I used to launch a multi node multi gpu code using torch.distributed.launch on two cloud servers using two different .sh script in each machine:

#machine 1 script
export NUM_NODES=2
export NUM_GPUS_PER_NODE=4
export HOST_NODE_ADDR=10.70.202.133

python -m torch.distributed.launch \
    --nproc_per_node=$NUM_GPUS_PER_NODE \
    --nnodes=$NUM_NODES \
    --node_rank=0 \
    --master_addr=$HOST_NODE_ADDR \
    --master_port=1234 \
    train.py --debug
#machine 2 script
export NUM_NODES=2
export NUM_GPUS_PER_NODE=4
export HOST_NODE_ADDR=10.70.202.133

python -m torch.distributed.launch \
    --nproc_per_node=$NUM_GPUS_PER_NODE \
    --nnodes=$NUM_NODES \
    --node_rank=1 \
    --master_addr=$HOST_NODE_ADDR \
    --master_port=1234 \
    train.py --debug

So when I started to work with PyTOrch 1.9, it says that torch.distributed.launch is deprecated and I have to migrate to torch.distributed.run. Unfortunately, there is not enough information about this module in the documentation on how it replaces torch.distributed.launch. When I try to work with the new method and I use the two new scripts in each machine:

#machine 1
export NUM_NODES=2
export NUM_GPUS_PER_NODE=4
export HOST_NODE_ADDR=10.70.202.133:1234
export JOB_ID=22641

python -m torch.distributed.run \
    --nnodes=$NUM_NODES \
    --nproc_per_node=$NUM_GPUS_PER_NODE \
    --node_rank=0 \
    --rdzv_id=$JOB_ID \
    --rdzv_backend=c10d \
    --rdzv_endpoint=$HOST_NODE_ADDR \
    train.py --debug
#machine 2
export NUM_NODES=2
export NUM_GPUS_PER_NODE=4
export HOST_NODE_ADDR=10.70.202.133:1234
export JOB_ID=22641

python -m torch.distributed.run \
    --nnodes=$NUM_NODES \
    --nproc_per_node=$NUM_GPUS_PER_NODE \
    --node_rank=1 \
    --rdzv_id=$JOB_ID \
    --rdzv_backend=c10d \
    --rdzv_endpoint=$HOST_NODE_ADDR \
    train.py --debug

I get this error:

[ERROR] 2021-07-09 19:37:35,417 error_handler: {
  "message": {
    "message": "RendezvousConnectionError: The connection to the C10d store has failed. See inner exception for details.",
    "extraInfo": {

Here’s how I setup my training script:

if "RANK" in os.environ and "WORLD_SIZE" in os.environ:
        config["RANK"] = int(os.environ["RANK"])
        config["WORLD_SIZE"] = int(os.environ["WORLD_SIZE"])
        config["GPU"] = int(os.environ["LOCAL_RANK"])
    else:
        config["DISTRIBUTED"] = False
        config["GPU"] = 1
        config["WORLD_SIZE"] = 1
        return

    config["DISTRIBUTED"] = True
    torch.cuda.set_device(config["GPU"])
    config["DIST_BACKEND"] = "nccl"
    torch.distributed.init_process_group(
        backend=config["DIST_BACKEND"],
        init_method=config["DIST_URL"],
        world_size=config["WORLD_SIZE"],
        rank=config["RANK"],
    )

and I also parse the following argument:

parser.add_argument("--local_rank", type=int)

Am I missing something?

Thanks for raising this issue! Since this seems like it could be a possible bug, or at the very least, a migration issue, can you file an issue (essentially this post) over at Issues · pytorch/pytorch · GitHub so that we can take a deeper look?

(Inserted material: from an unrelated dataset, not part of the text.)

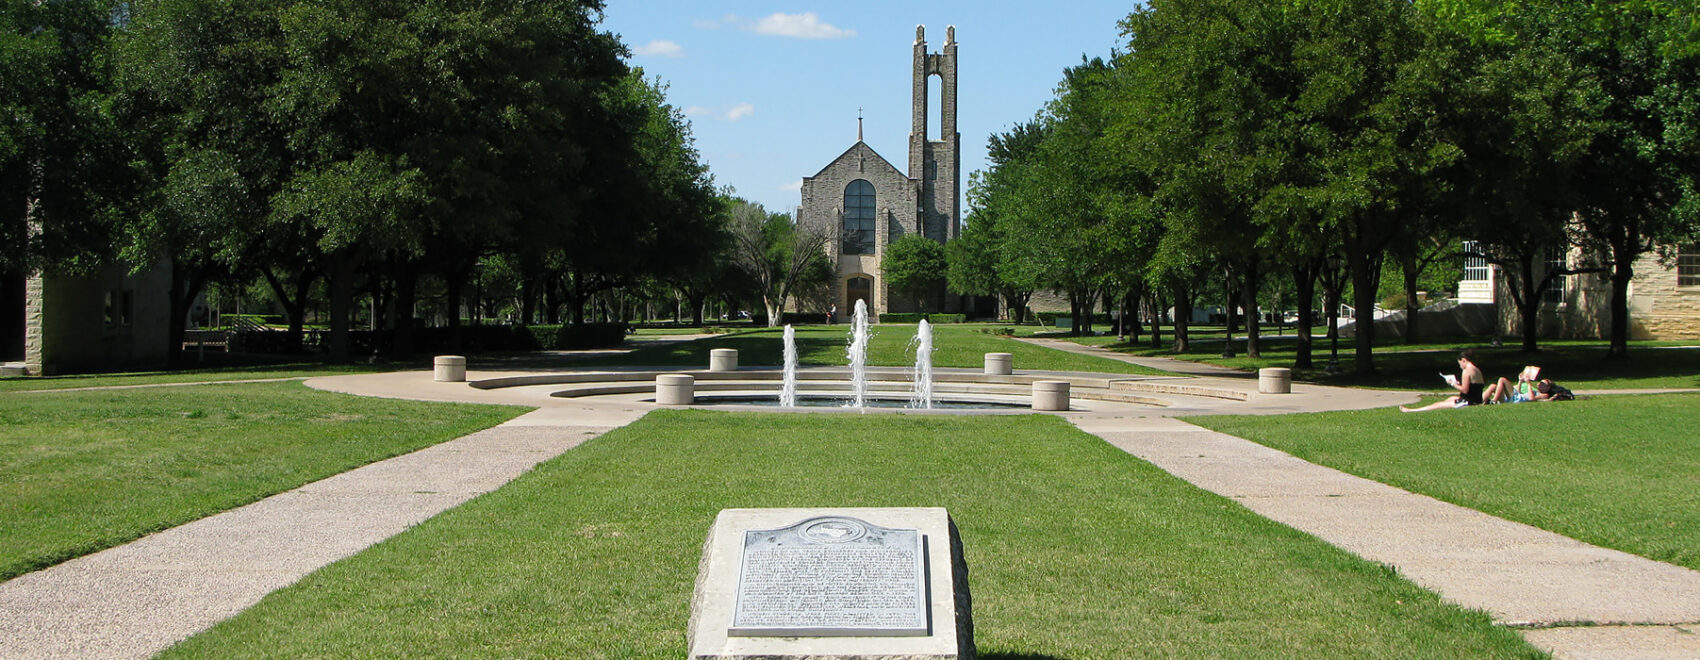 Southwestern University campus

cc @cbalioglu @H-Huang @Kiuk_Chung @aivanou

Also, IIUC, torch.distributed.run should be fully backward-compatible with torch.distributed.launch. Have you tried simply dropping in torch.distributed.run with the same launch arguments, and if so what sort of issues did you hit there?

The docs for torch.distributed.launch|run needs some improvements to match the warning message. This issue is being tracked here: dist docs need an urgent serious update · Issue #60754 · pytorch/pytorch · GitHub. And most of it has been addressed in the nightly docs: torch.distributed.run (Elastic Launch) — PyTorch master documentation.

For the time being here are the things to note:

  1. torch.distributed.run does not support parsing --local_rank as cmd arguments. If your script does this, then change it to getting local rank from int(os.environ["LOCAL_RANK"]). If you can’t change the script, then stick to torch.distributed.launch for now.

  2. As @rvarm1 mentioned, torch.distributed.run's arguments are mostly backwards compatible with torch.distributed.launch (the exception is --use_env which is now set as True by default since we are planning to deprecate reading local_rank from cmd args in favor of env).

I tried torch.distributed.run with the same legacy arguments, and it works. Seems like it has a problem with the new rndvz arguments (or maybe I am not setting them up correctly).